Mais faut piger un truc : l’humour noir, c’est pas un tir contre les victimes. C’est un tir de riposte contre l’absurdité du monde. C’est une manière de dire : « La vie me fout des horreurs dans la gueule, mais je refuse de la laisser gagner par K.O. » Desproges, ce prince du sarcasme, balançait des vannes sur le cancer pendant qu’il en crevait. Il provoquait pour faire réfléchir, Cabu et tous les autres également. Pour dompter la bête. Pour lui marcher dessus avec des charentaises. Reiser, lui, dessinait des bébés morts et des éclopés hilares, non par cruauté, mais parce que la vérité brute, parfois, ne se laisse approcher qu’en rigolant jaune. Très jaune. Jaune pisse.

« Plus cancéreux que moi, tumeur ! » (Pierre Desproges) 

Alors ce dessin, c’est quoi ? Du cartoon.Du grotesque.Du burlesque carbonisé. Du Charlie pur jus : un rire qui claque comme une gifle, mais qui dit quelque chose de vrai.Une façon de transformer l’indicible en image, le traumatisme en farce noire, l’horreur en glissade absurde.

Pourquoi ça choque ? Parce que l’humour noir, c’est un miroir. Et dans ce miroir, on voit pas notre plus beau profil. On voit la peur, la fragilité, la mort qui rôde comme un chat mouillé sous la pluie. Certains détournent les yeux. D’autres rient. Les deux réactions sont humaines. Mais faut pas confondre rire du pire et rire des victimes.C’est pas la même boutique, pas le même rayon, pas le même prix. Au final, ce dessin dit juste :« Le monde est atroce, mais tant que je peux encore en rire, il ne m’a pas complètement eu.

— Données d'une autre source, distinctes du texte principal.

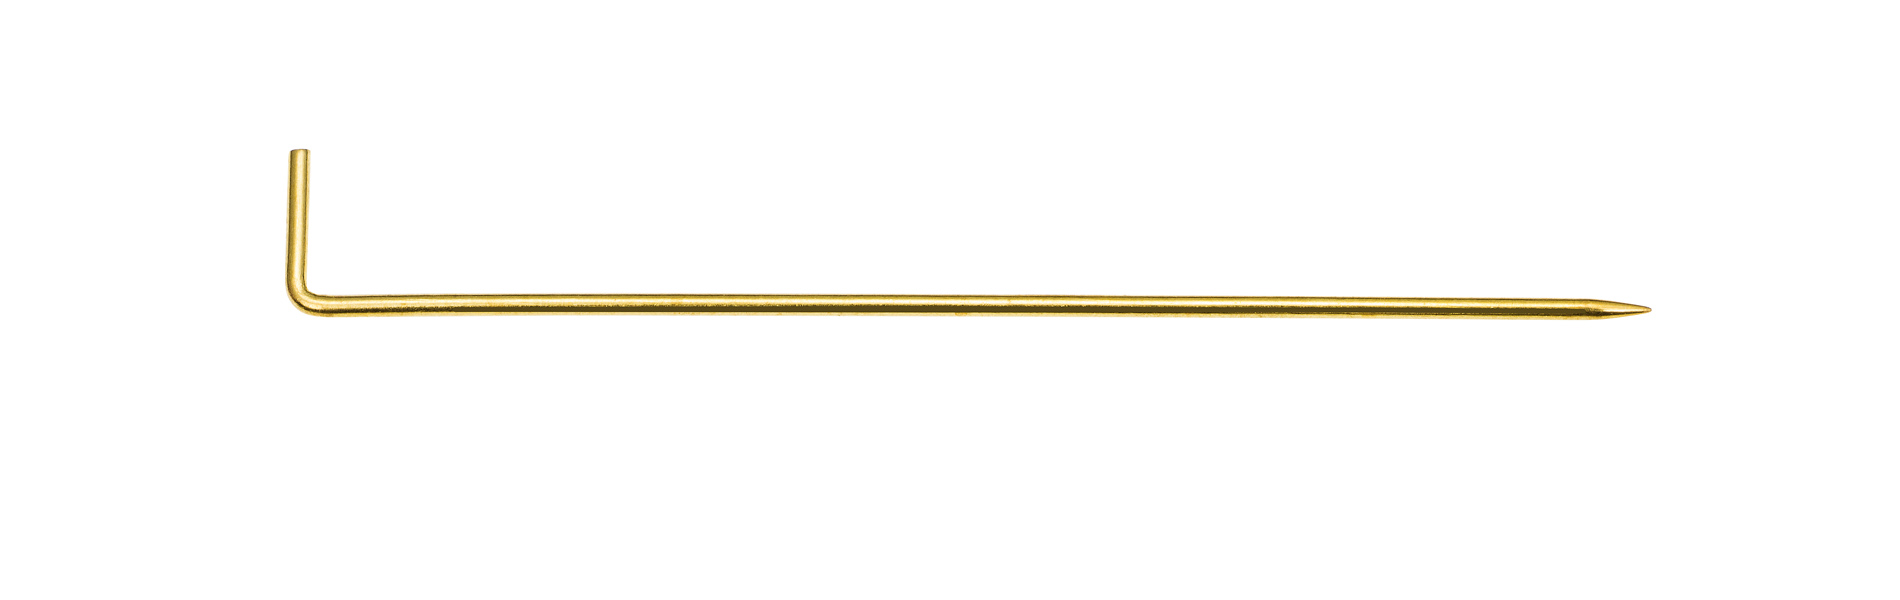 Ref.: 64540 - Latón - Long. 57 mm

Je ne suis pas toujours d’accord avec les positions de Riss que je trouve parfois incompréhensible autant ici, Salch est dans son humour et dans son devoir. Courage aux familles des victimes de cette terrible tragédie. »

En plus de ses réseaux classiques (Facebook, Instagram), Peter Patfawl a son Patreon.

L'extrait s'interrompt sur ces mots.